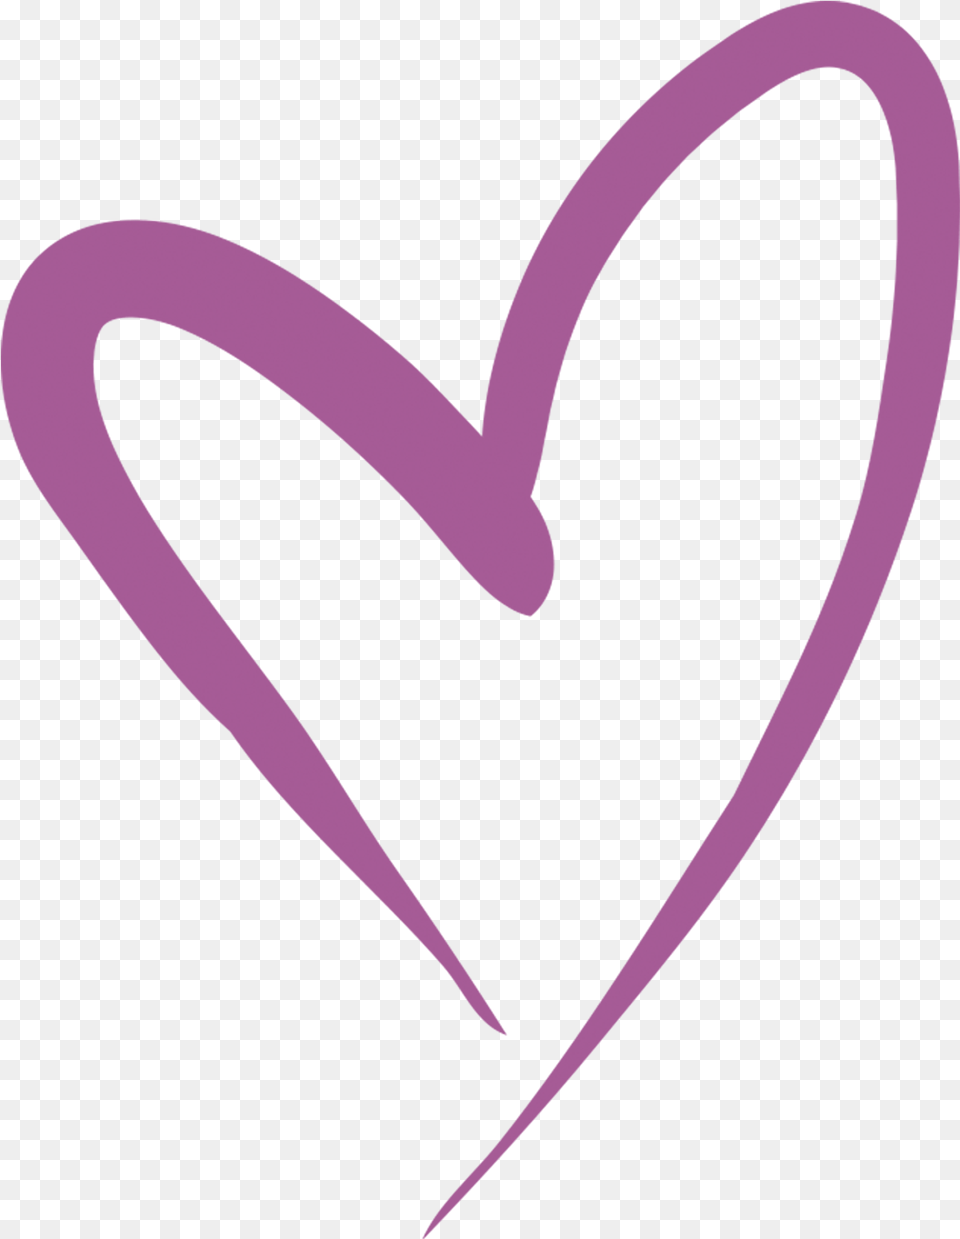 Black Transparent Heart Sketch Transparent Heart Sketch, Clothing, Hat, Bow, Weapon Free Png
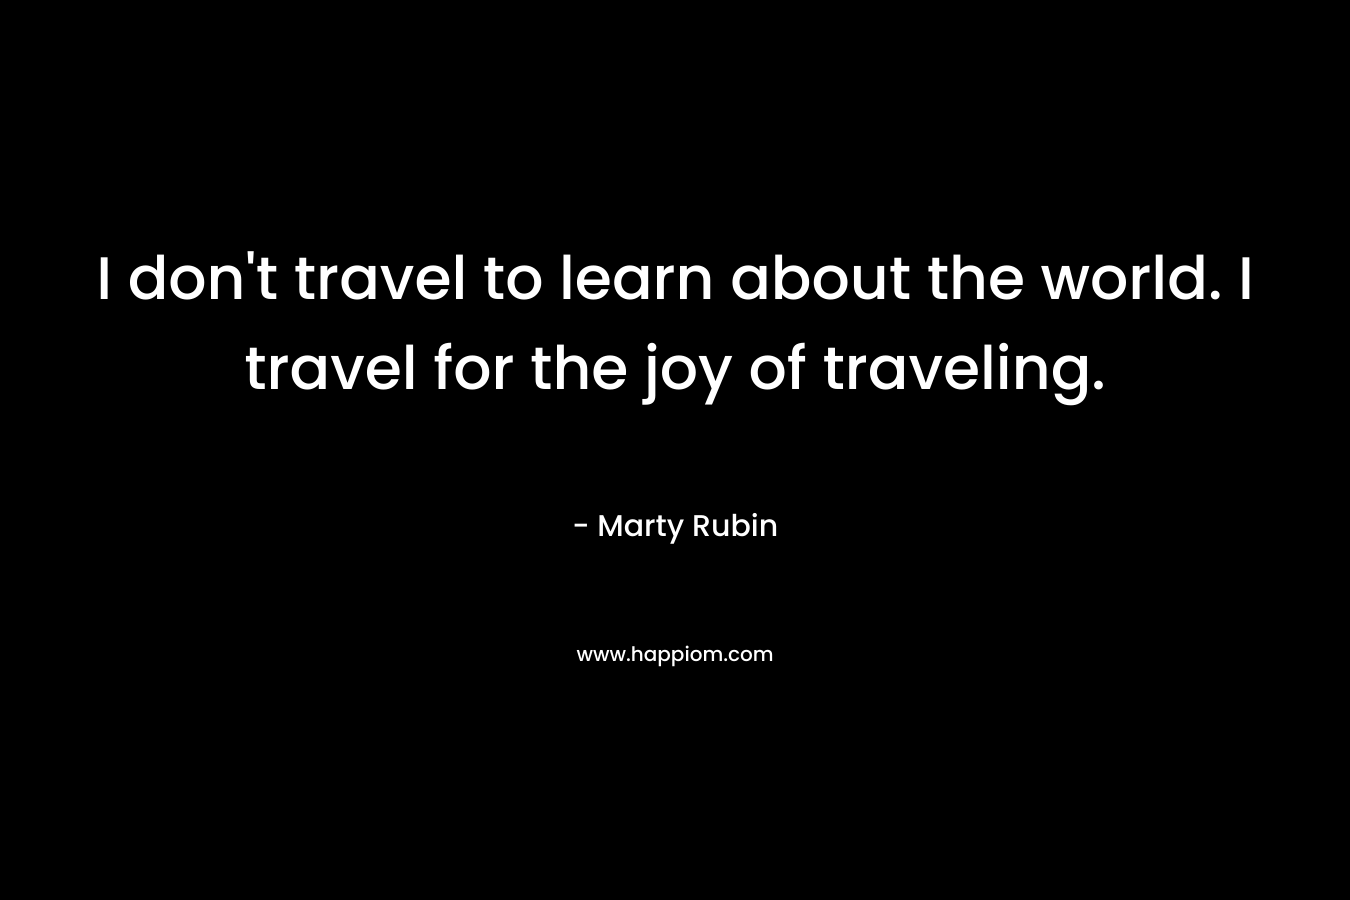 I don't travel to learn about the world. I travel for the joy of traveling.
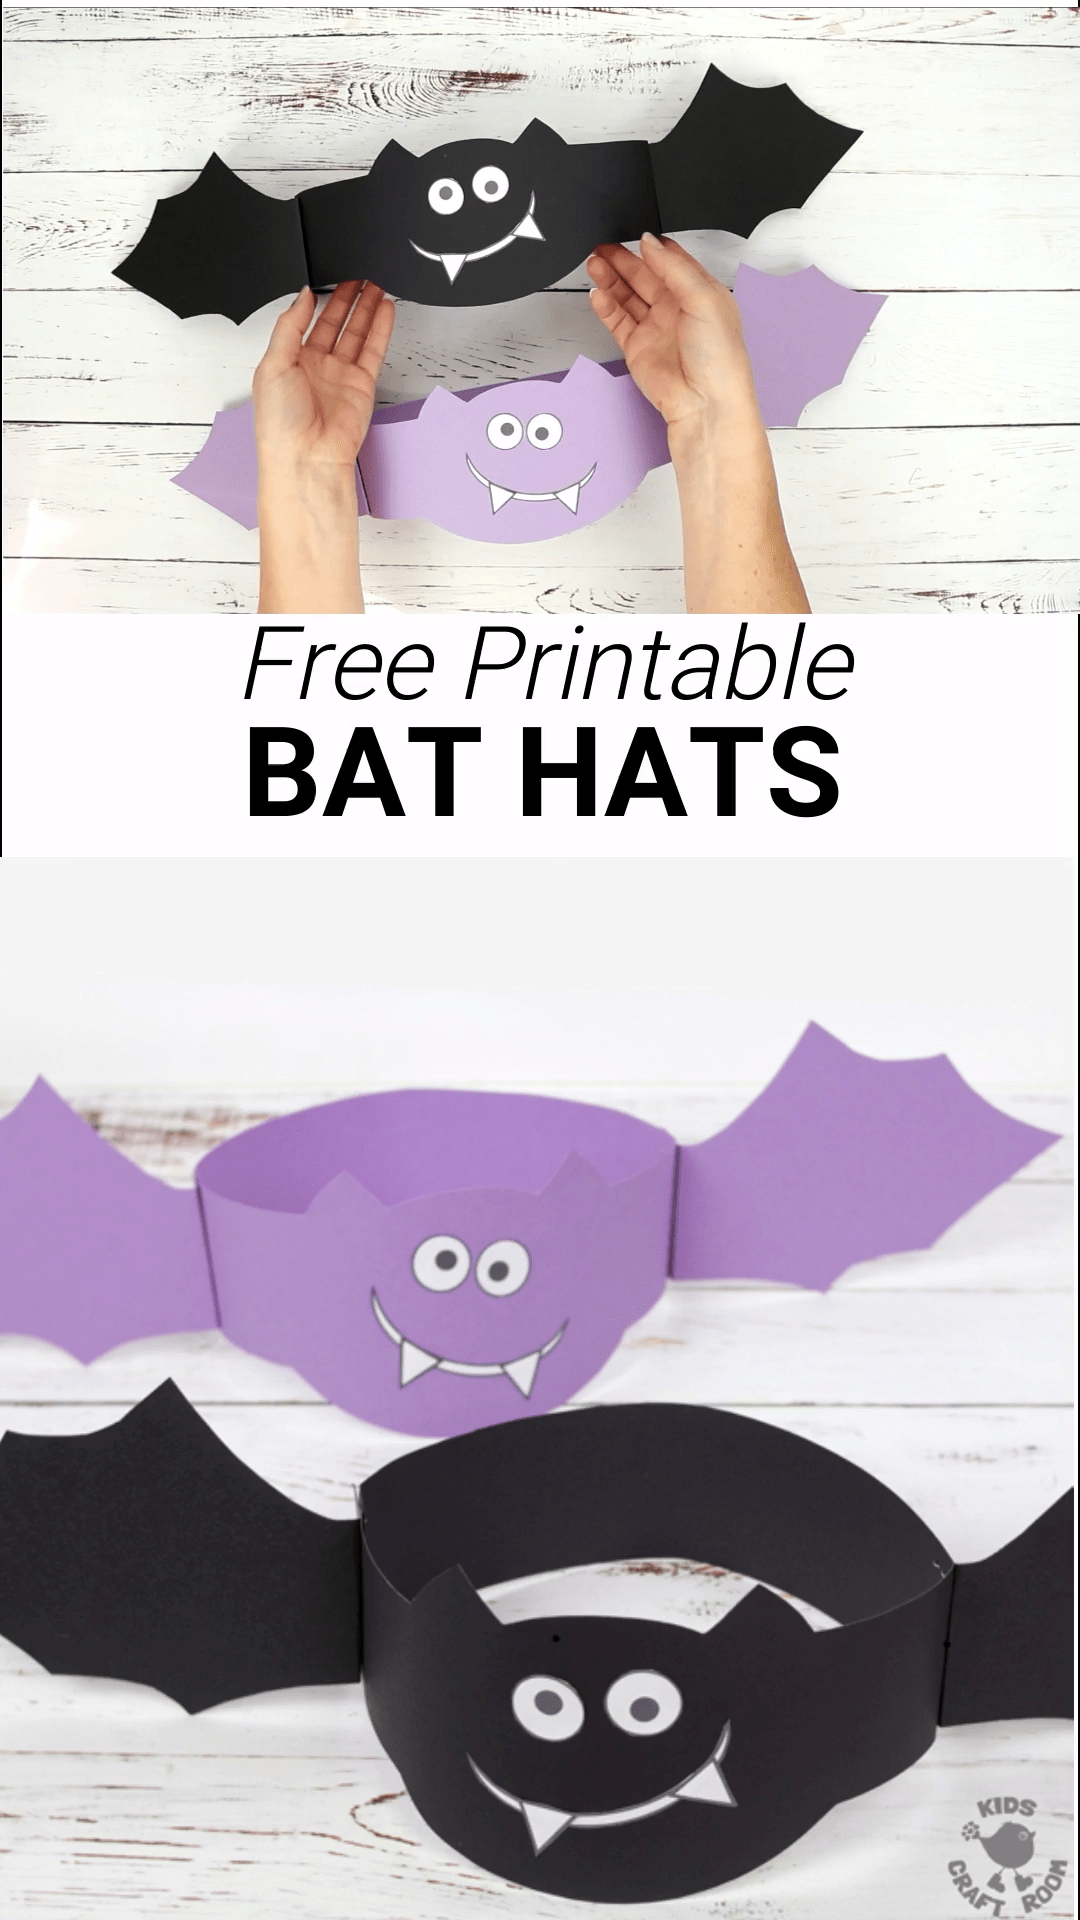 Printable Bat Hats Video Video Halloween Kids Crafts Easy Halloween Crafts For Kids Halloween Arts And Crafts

What you are asked to do
Write out again every line above exactly as given; the pictures do not belong in the copy.

Result for this exercise
 Black Transparent Heart Sketch Transparent Heart Sketch, Clothing, Hat, Bow, Weapon Free Png
 I don't travel to learn about the world. I travel for the joy of traveling.
 Printable Bat Hats Video Video Halloween Kids Crafts Easy Halloween Crafts For Kids Halloween Arts And Crafts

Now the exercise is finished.